I (674) wifi:Init data frame dynamic rx buffer num: 32 I (684) wifi:Init management frame dynamic rx buffer num: 32 I (684) wifi:Init management short buffer num: 32 I (694) wifi:Init dynamic tx buffer num: 32 I (694) wifi:Init static rx buffer size: 1600 I (704) wifi:Init static rx buffer num: 10 I (704) wifi:Init dynamic rx buffer num: 32 I (704) wifi_init: rx ba win: 6 I (714) wifi_init: tcpip mbox: 32 I (714) wifi_init: udp mbox: 6 I (714) wifi_init: tcp mbox: 6 I (724) wifi_init: tcp tx win: 5744 I (724) wifi_init: tcp rx win: 5744 I (734) wifi_init: tcp mss: 1440 I (734) wifi_init: WiFi IRAM OP enabled I (744) wifi_init: WiFi RX IRAM OP enabled I (744) phy_init: phy_version 4670,719f9f6,Feb 18 2021,17:07:07 I (844) wifi:mode : sta (30:ae:a4:80:15:c8) I (844) wifi:enable tsf I (844) wifi station: wifi_init_sta finished.
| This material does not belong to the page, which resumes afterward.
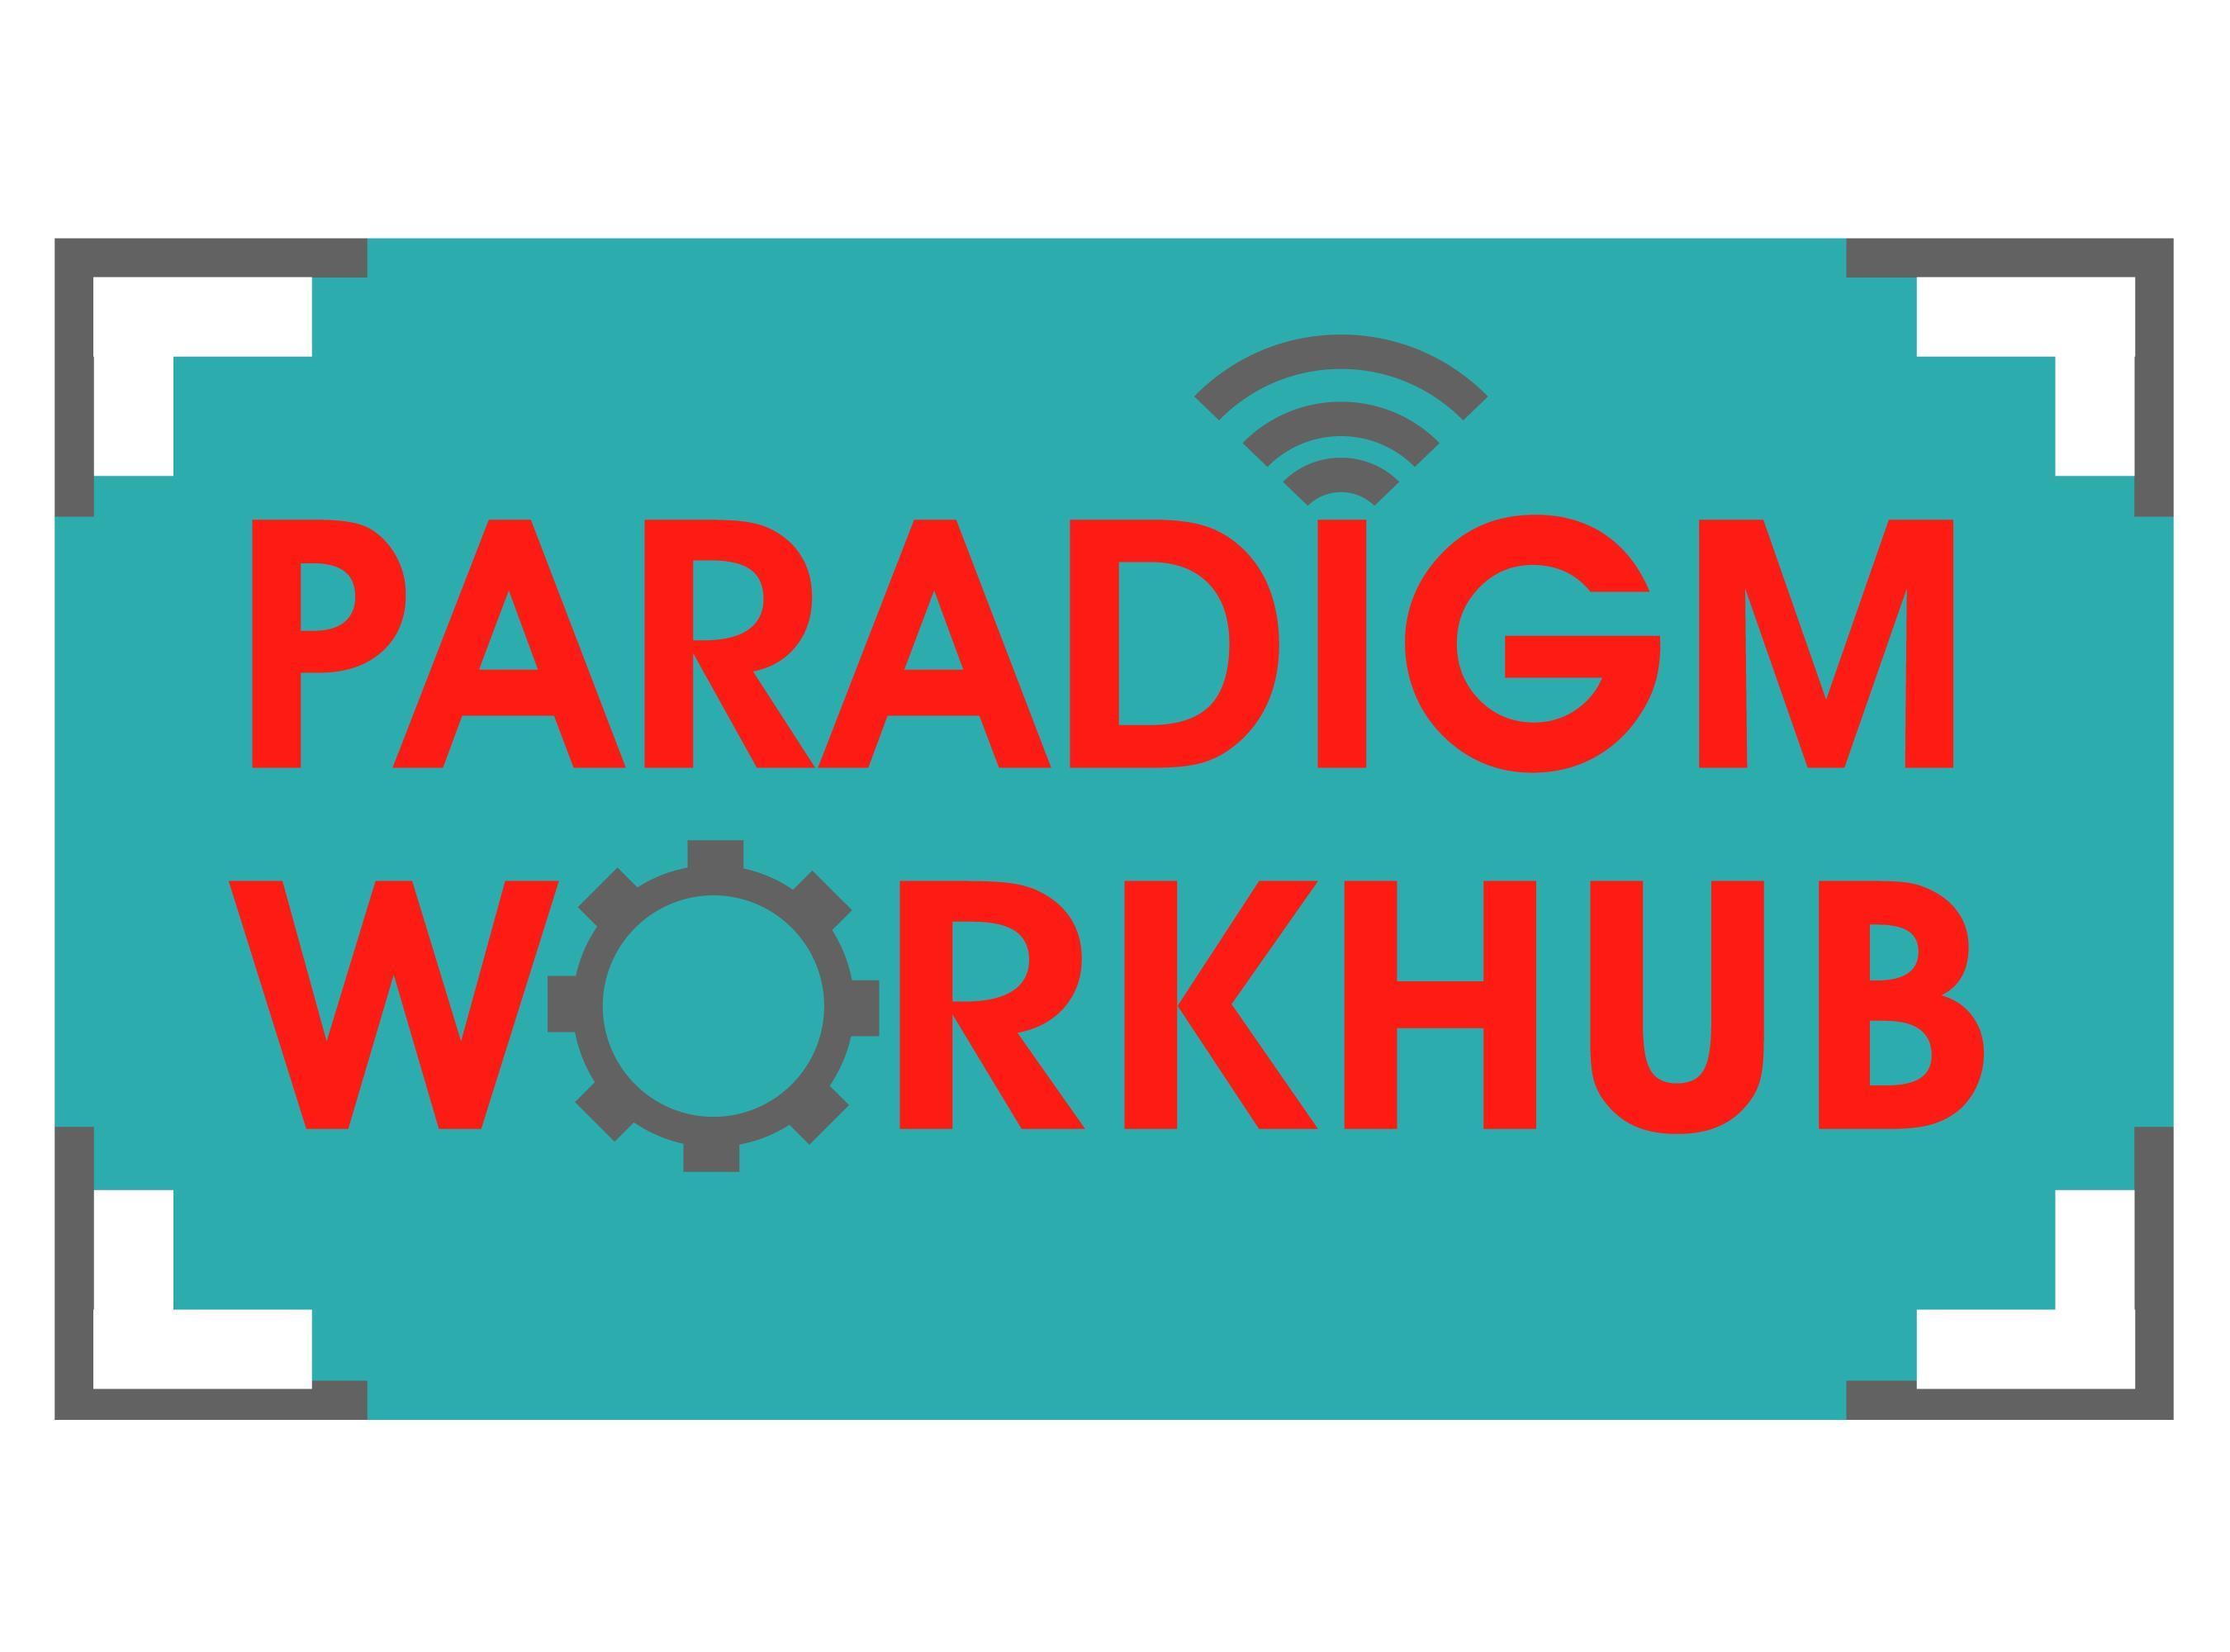 Logo of PARADIGM WORKHUB

I (864) wifi:new:<6,0>, old:<1,0>, ap:<255,255>, sta:<6,0>, prof:1 I (864) wifi:state: init -> auth (b0) I (874) wifi:state: auth -> assoc (0) I (884) wifi:state: assoc -> run (10) I (904) wifi:connected with test_zyj, aid = 2, channel 6, BW20, bssid = ac:84:c6:7e:31:2b I (904) wifi:security: WPA2-PSK, phy: bgn, rssi: -22 I (904) wifi:pm start, type: 1

W (914) wifi:idx:0 (ifx:0, ac:84:c6:7e:31:2b), tid:0, ssn:0, winSize:64 I (924) wifi:AP's beacon interval = 102400 us, DTIM period = 1 I (1634) esp_netif_handlers: sta ip: 192.168.0.191, mask: 255.255.255.0, gw: 192.168.0.1 I (1634) wifi station: got ip:192.168.0.191 I (1634) wifi station: connected to ap SSID:test_zyj password:12345678 I (1644) ESPNOW: espnow [version: 1.0] init I (1644) connTest: Start connTest example W (2094) wifi:idx:1 (ifx:0, ac:84:c6:7e:31:2b), tid:1, ssn:0, winSize:64 I (3924) connTest: Connected to server I (3924) connTest: Finished connTest example I (4934) connTest: Start connTest example I (6644) espnow_example: Start sending broadcast data I (6644) espnow_example: Receive 2th broadcast data from: 30:ae:a4:0c:34:ec, len: 10 I (6644) espnow_example: Receive 6th broadcast data from: 30:ae:a4:0c:34:ec, len: 10 I (7114) connTest: Connected to server I (7114) connTest: Finished connTest example I (7664) espnow_example: send data to ff:ff:ff:ff:ff:ff I (7664) espnow_example: Receive 7th broadcast data from: 30:ae:a4:0c:34:ec, len: 10 I (8114) connTest: Start connTest example I (8694) espnow_example: send data to ff:ff:ff:ff:ff:ff I (9694) espnow_example: send data to ff:ff:ff:ff:ff:ff I (9694) espnow_example: Receive 9th broadcast data from: 30:ae:a4:0c:34:ec, len: 10 I (9694) espnow_example: Start sending unicast data I (9694) espnow_example: send data to 30:ae:a4:0c:34:ec I (10154) connTest: Connected to server I (10154) connTest: Finished connTest example I (10754) espnow_example: send data to 30:ae:a4:0c:34:ec I (11164) connTest: Start connTest example I (11754) espnow_example: send data to 30:ae:a4:0c:34:ec I (12824) espnow_example: send data to 30:ae:a4:0c:34:ec I (13444) connTest: Connected to server I (13444) connTest: Finished connTest example I (13934) espnow_example: send data to 30:ae:a4:0c:34:ec I (14444) connTest: Start connTest example I (15024) espnow_example: send data to 30:ae:a4:0c:34:ec I (16044) espnow_example: send data to 30:ae:a4:0c:34:ec I (16504) connTest: Connected to server I (16514) connTest: Finished connTest example

zhangyanjiaoesp commented 7 months ago

@nicolas-Philips Can you update your IDF branch and have a try?

Sherry616 commented 6 months ago

Thanks for reporting, will close due to short of feedback, feel free to reopen with more updates.